PMEL Programs and Plans
Accomplishments in FY 96 and Plans for FY 97
Figure. Hindcast of 1982-1983 El Nino.
Thermal Modeling and Analysis Project
Accomplishments in FY 96
The Thermal Modeling and Analysis Project (TMAP)
continues to carry out studies using observations and ocean circulation models
in support of NOAA's Seasonal to Interannual Prediction (SIP) mission. A major
project to identify the common elements of El
Nino-Southern Ocsillation (ENSO) periods over the global ocean surface has
been completed. The sea level pressure composite results indicate that the most
statistically significant features are associated with the eastern equatorial
Pacific and a region in the western central north Pacific, rather than with the
historical Southern Oscillation between Tahiti and Darwin.

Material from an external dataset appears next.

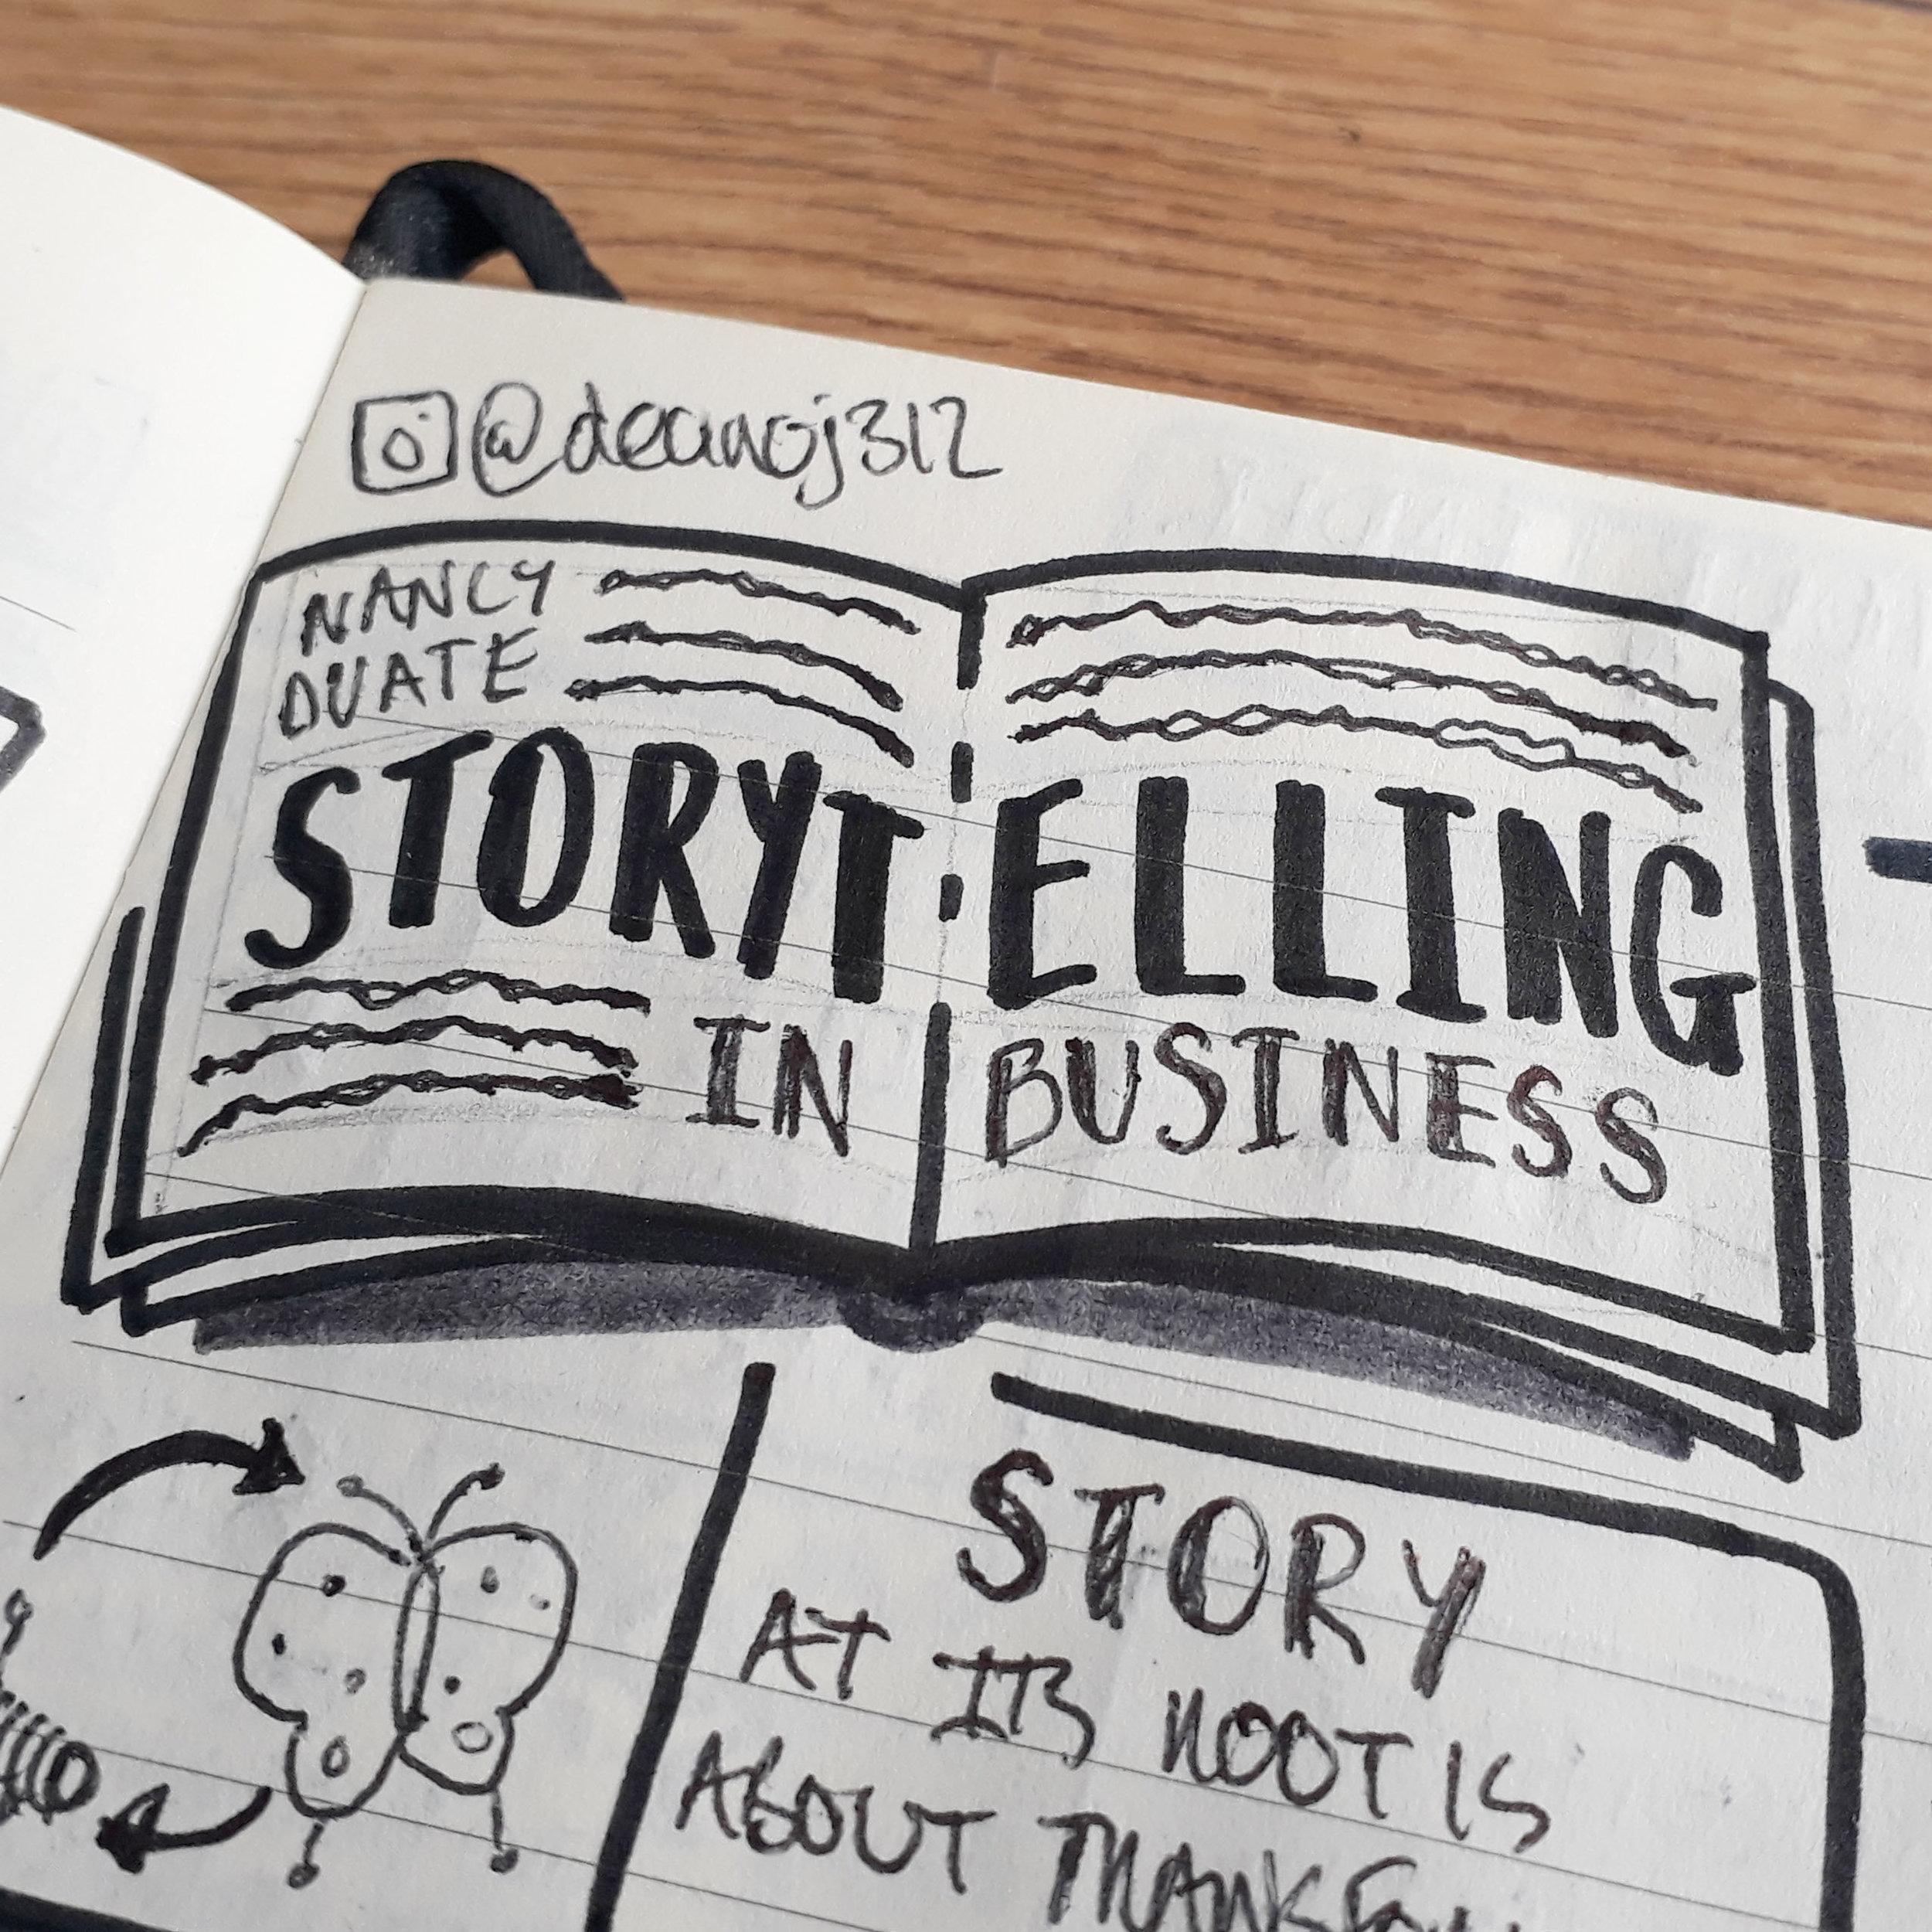 StorytellingInBusiness1.jpg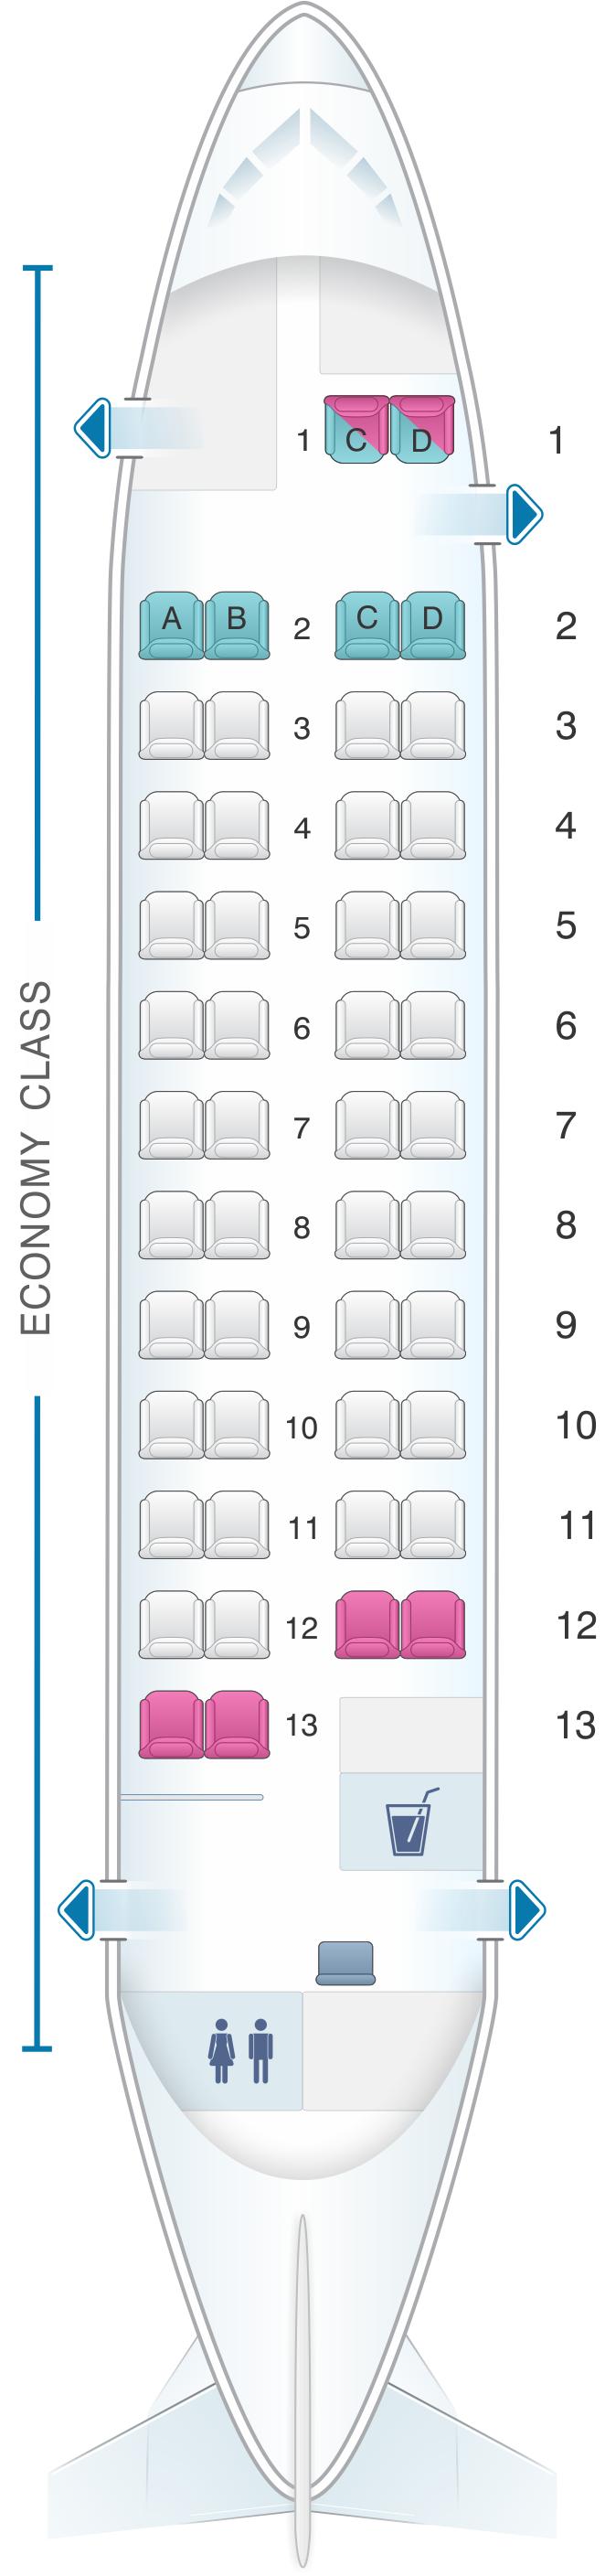 Seat map for TAROM ATR 42 500 48pax

The sea surface temperature
and surface wind composite has several very statistically significant signals.
Any model being used to predict ENSO should be validated against its ability
to reproduce these features. Studies of the seasonal cycle of upper ocean currents
and temperatures, as well as their interannual variability, are being studied,
and the impact of our present level of uncertainty about the surface wind field
is being assessed.
The importance of Westerly Wind Events (WWEs) in the variability of the western
tropical Pacific and the central and eastern equatorial Pacific continues to
be investigated, using observations from the
Tropical Atmosphere-Ocean (TAO) moorings and ocean model studies. A major
effort to determine the x-y-t structure of WWEs was completed. The ability of
the TAO array to observe WWEs is marginal, and is being determined.
The ability of our present and proposed tropical observing systems to measure the changes that
are important for SIP is a continuing assessment activity. A major summary of the space and
time scales of thermal variability as measured by the TAO array was completed, and much
progress was made on a similar study of the scales of surface wind variability. An ensemble of
ocean model experiments was carried out so that detailed sampling studies of the effectiveness of
the present observing system can be examined.
Work continues on aspects of longer time scale problems as well. The variability of surface pC02
in the North Pacific was examined with other Ocean Climate Research Division scientists.
A new one dimensional model of the near-surface food web was developed with University of Washington scientists and has been validated against tropical Pacific observations; it is being incorporated into our
ocean circulation model. Global studies of the uptake and redistribution of CFCs continued with
Department of Energy and National Science Foundation collaborators.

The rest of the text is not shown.